Re: [Haskell-cafe] Re: getting crazy with character encoding

2007-09-13 Thread Ketil Malde
On Wed, 2007-09-12 at 17:40 -0700, Stefan O'Rear wrote:
 On Thu, Sep 13, 2007 at 12:23:33AM +, Aaron Denney wrote:
  Unfortunately, at this point it is a well entrenched bug, and changing
  the behaviour will undoubtedly break programs.
 ...
  There should be another system for getting the exact bytes in and 
  out (as Word8s, say, rather than Chars), 

 I'm pretty sure Hugs does the right thing.

..which makes me wonder what the right thing actually is?

Since IO on Unix (or at least on Linux) consists of bytes, I don't see
how a Unicode-only interface is ever going to do the 'right thing' for
all people.

One possible solution might be to have IO functions deal with [Word8]
instead of [Char]. If string and character constants were polymorphic,
Char and String made aliases for byte-based types, and a new type
introduced for Unicode characters, it might even be possible to fix
without breaking absolutely all legacy code.

But even this would probably only fix the Unix side of things.

-k

___
Haskell-Cafe mailing list
Haskell-Cafe@haskell.org
http://www.haskell.org/mailman/listinfo/haskell-cafe


[Haskell-cafe] Re: getting crazy with character encoding

2007-09-13 Thread Aaron Denney
On Thu, Sep 13, 2007 at 11:07:03AM +0200, Stephane Bortzmeyer wrote:
 On Thu, Sep 13, 2007 at 12:23:33AM +,
  Aaron Denney [EMAIL PROTECTED] wrote 
  a message of 76 lines which said:
 
  the characters read and written should correspond to the native
  environment notions and encodings.  These are, under Unix,
  determined by the locale system.
 
 Locales, while fine for things like the language of the error messages
 or the format to use to display the time, are *not* a good solution
 for things like file names and file contents.

I never claimed it was a good system, merely that it was the system.
Yes, serious applications should use byte oriented I/O and explicitly
manage character sets when necessary.  STDIO in general and terminal
interaction in particular should use the locale selected by the user.

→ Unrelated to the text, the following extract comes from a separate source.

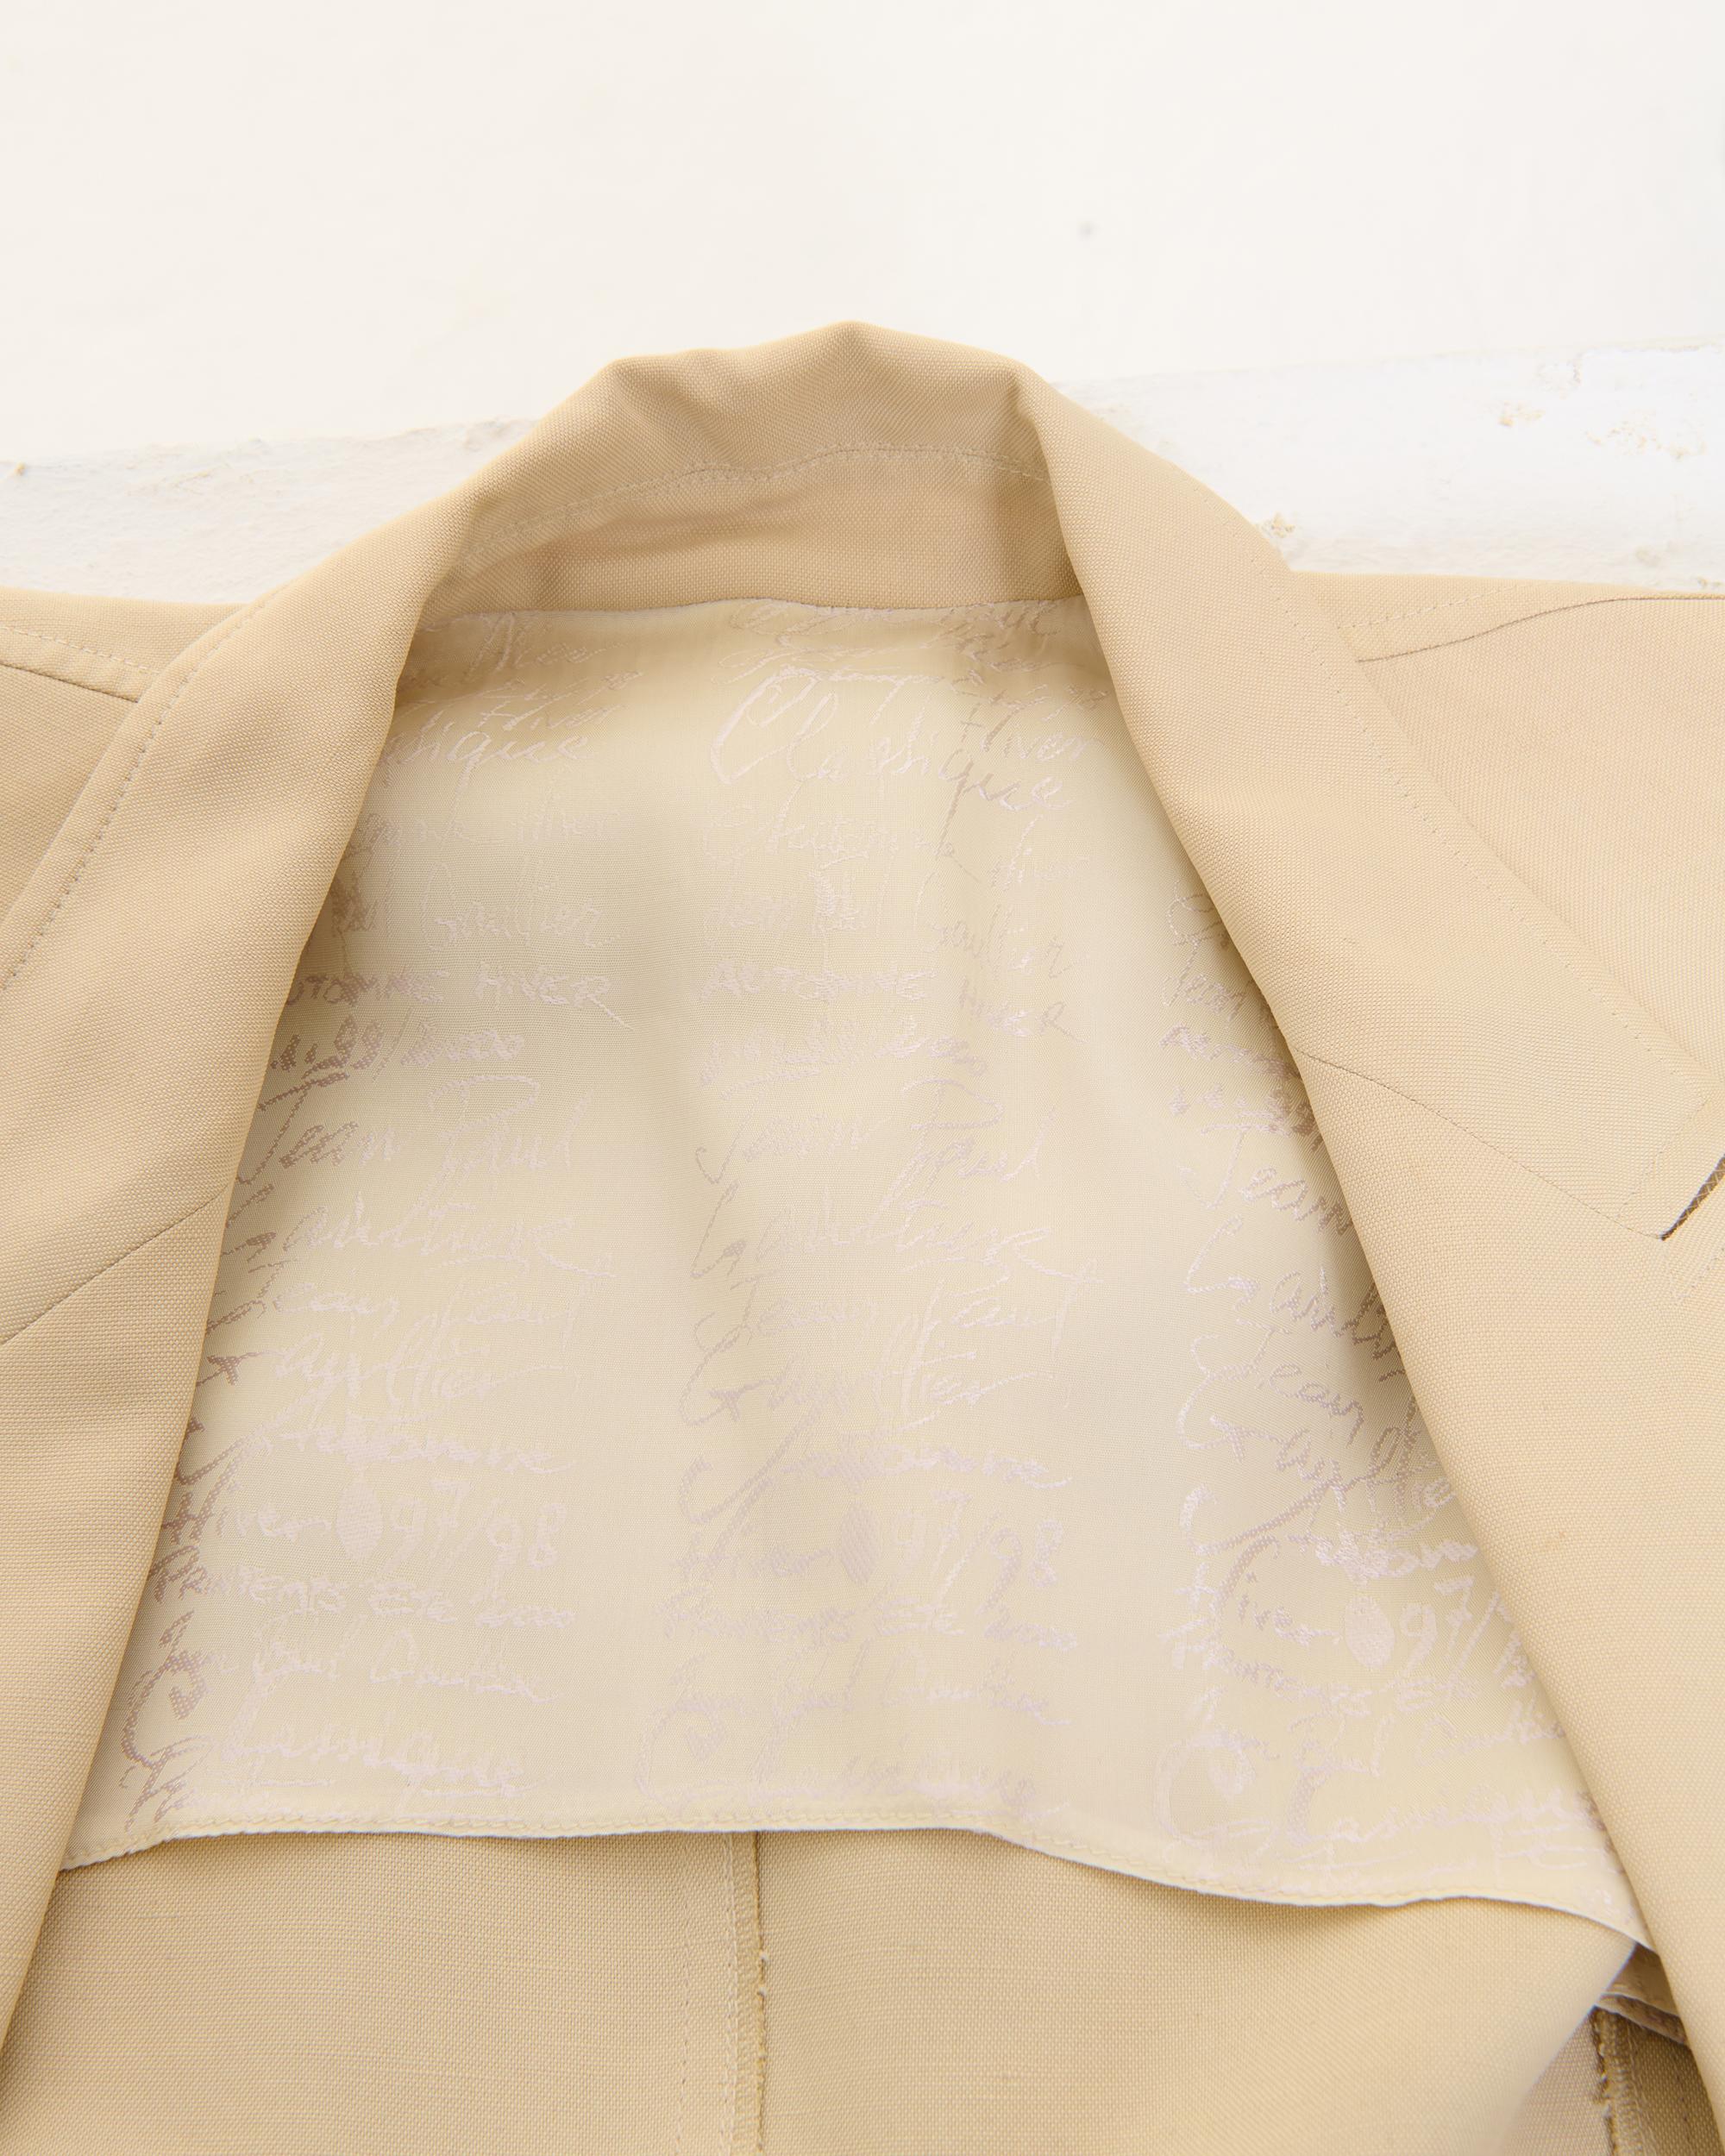 Jean Paul Gaultier F/W 1997 Cream linen double breasted blazer two pieces jacket For Sale 5

 Even on a single Unix machine (without networking), there are
 *several* users. Using the locale to find out the charset used for a
 file name won't work if these users use different locales.
 
 Same thing for file contents. The charset used must be marked in the
 file (XML...) or in the metadata, somehow.

For file system and network access, the justification is a bit more
clouded, but the interfaces there _should not_ be character interfaces.
Character interfaces are _lies_; Word8s are what actually get passed,
and trying to treat them as unicode characters with any fixed mapping
breaks.  At best we get an extremely leaky abstraction.

Filesystems are not uniform across systems, yet Haskell tries to present
a uniform view that manages to capture exactly no existing system.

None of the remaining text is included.